§ **INFORMATION SUPPLIED**
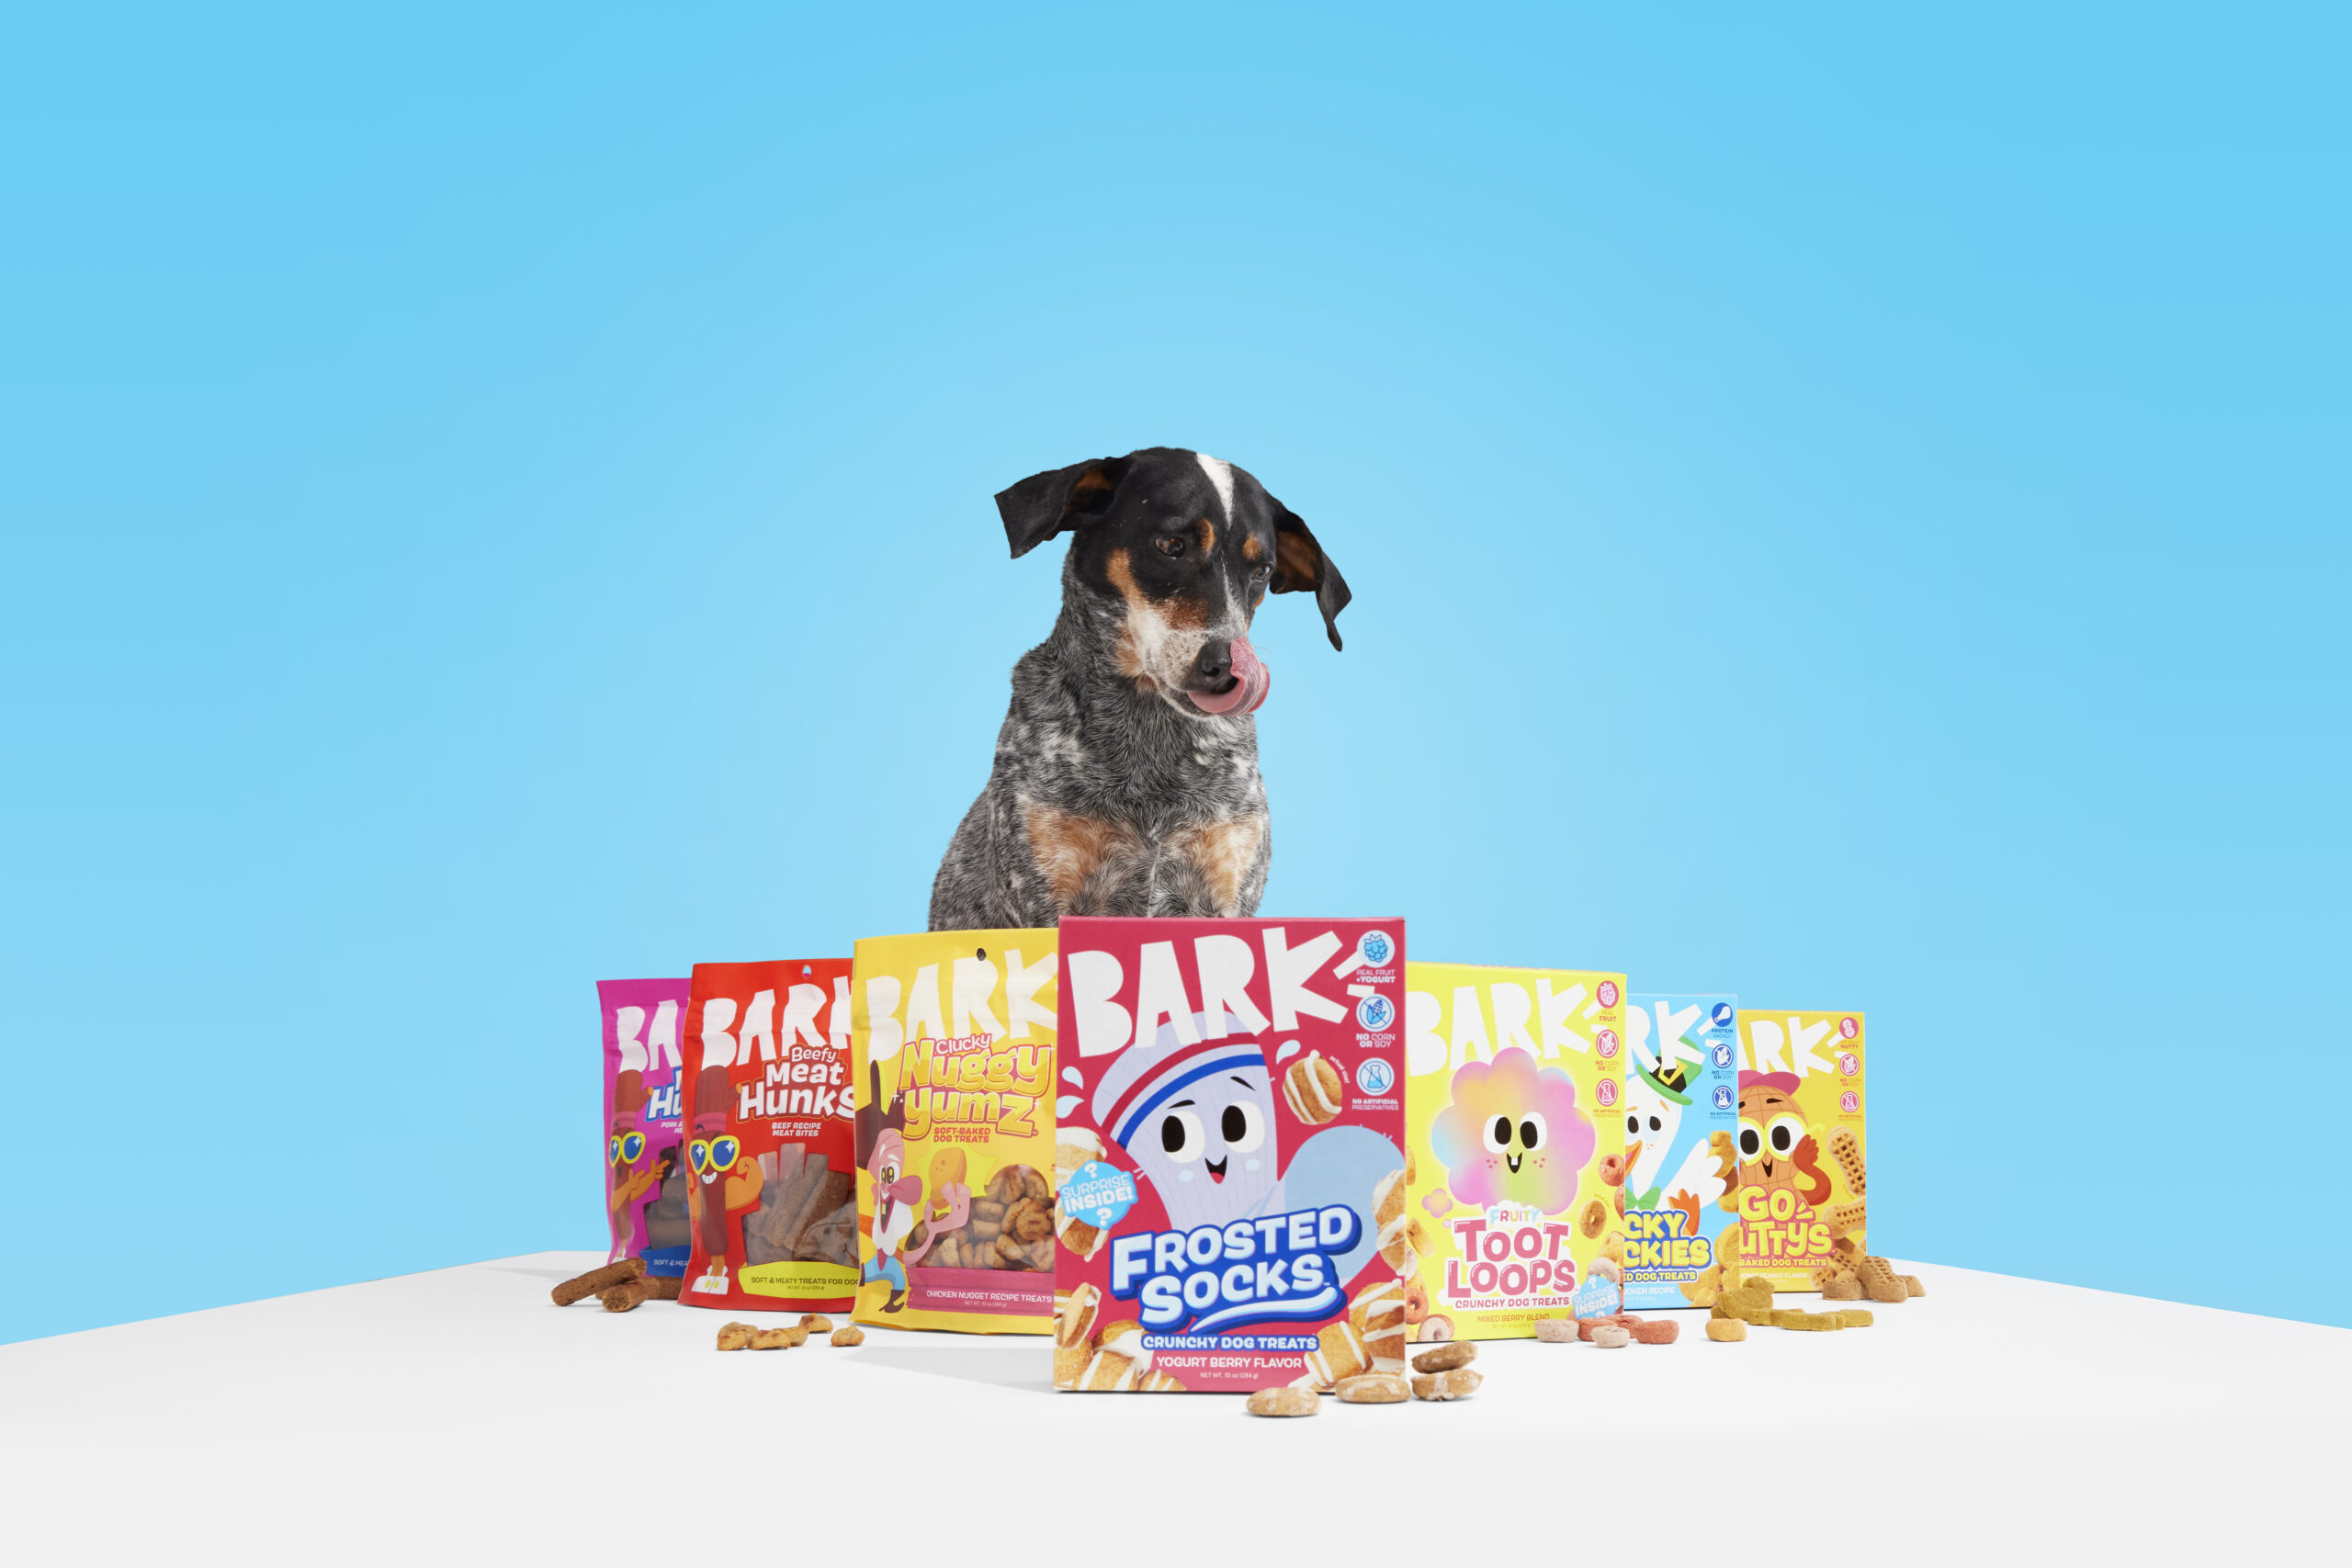 BARK's In-House Creative Team Designs Dog Treat Range Inspired by Classic Breakfast Cereals
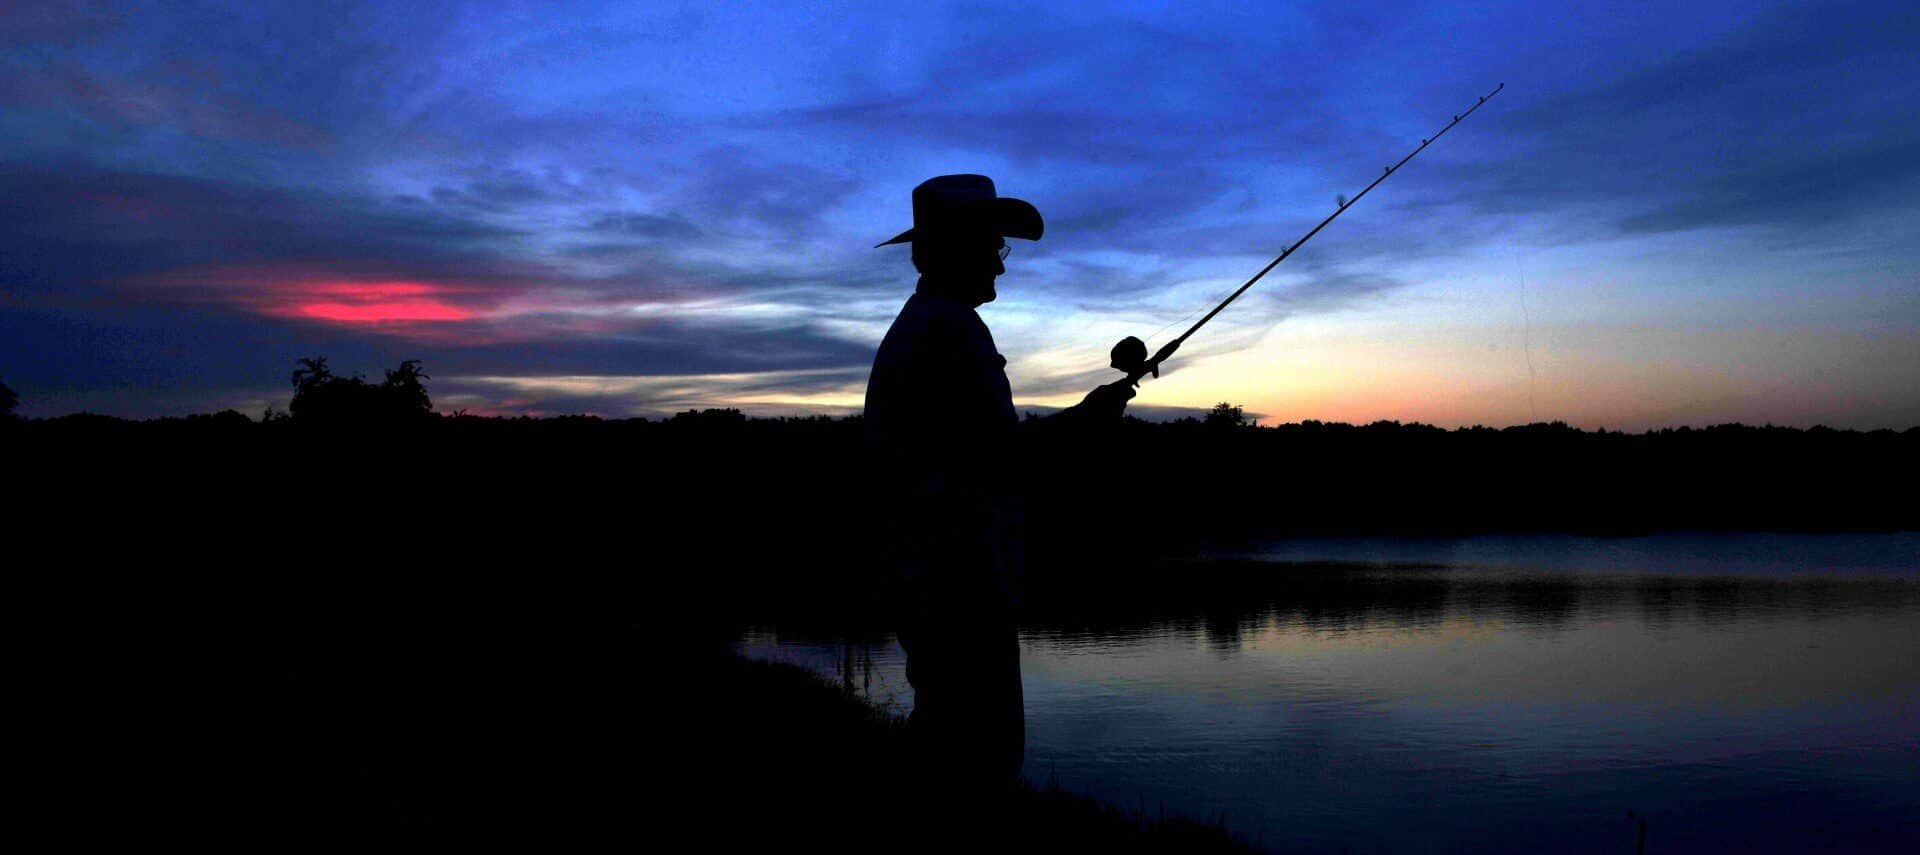 The silhouette of a man fishing on a pond at sunset
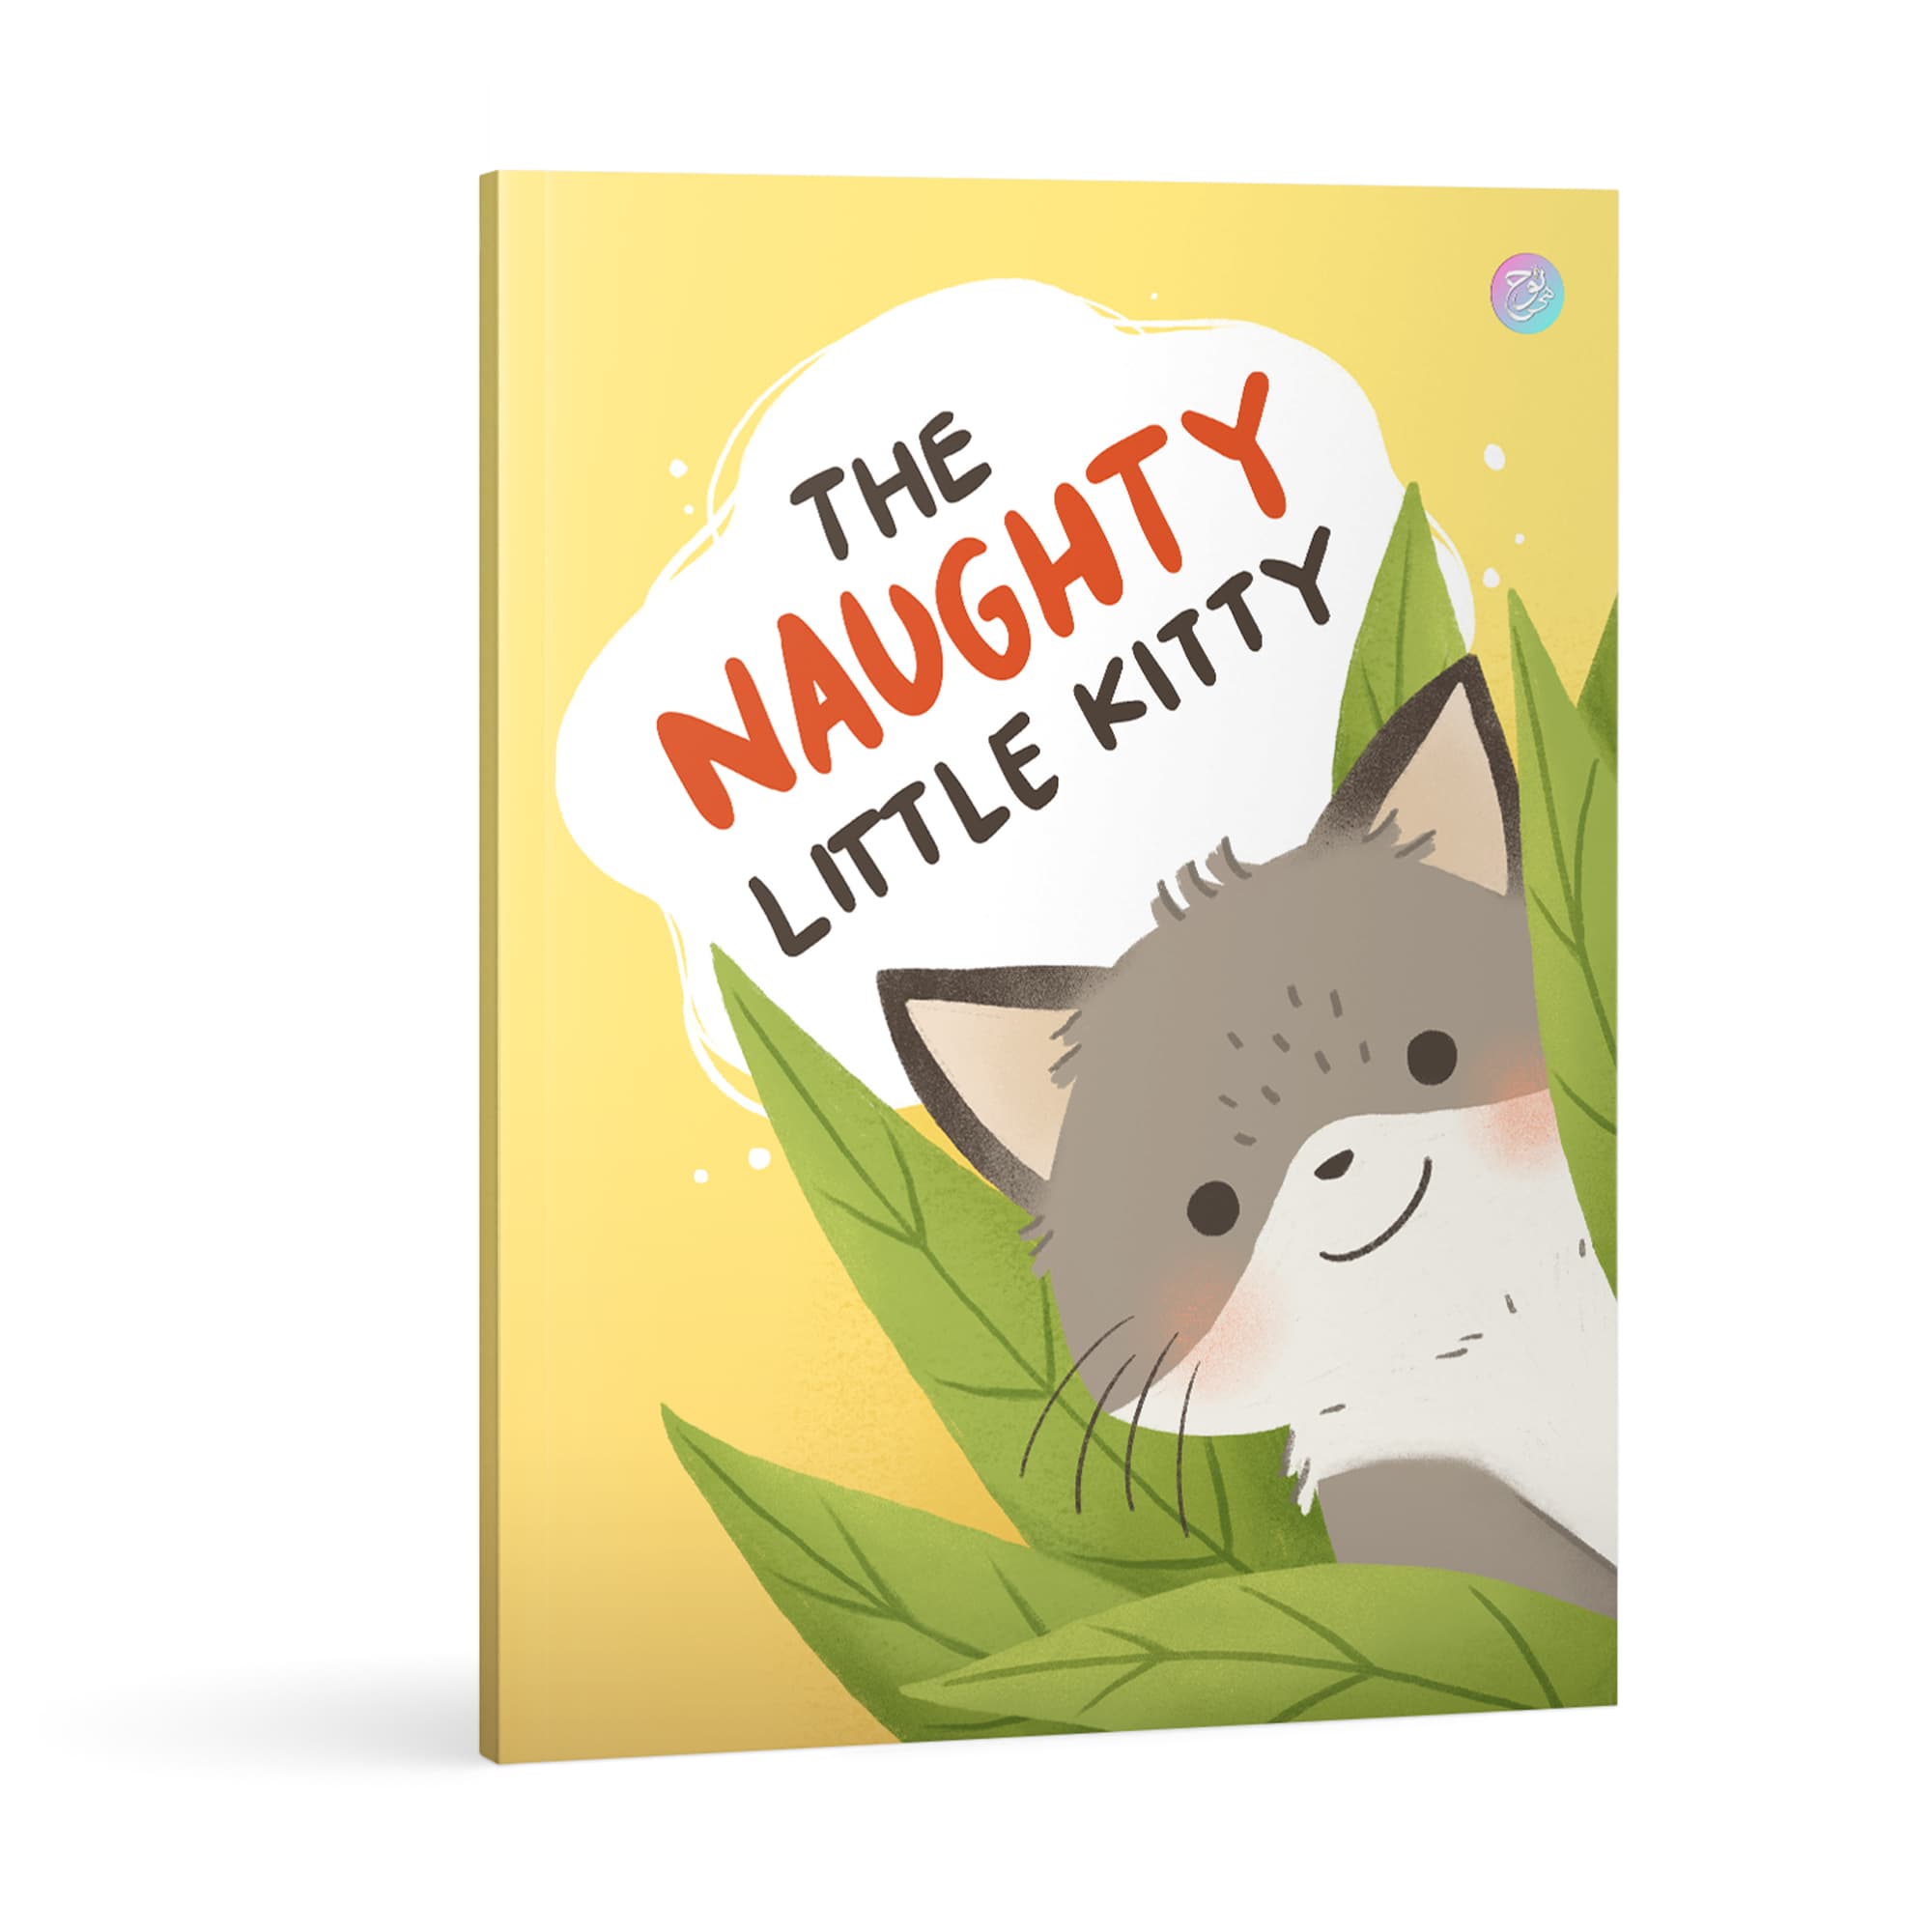 The Naughty Little Kitty by Ria Said

§ **YOUR INSTRUCTIONS**
Write the listing above out again exactly, dropping each image.

§ **ANSWER BOX**
 BARK's In-House Creative Team Designs Dog Treat Range Inspired by Classic Breakfast Cereals
 The silhouette of a man fishing on a pond at sunset
 The Naughty Little Kitty by Ria Said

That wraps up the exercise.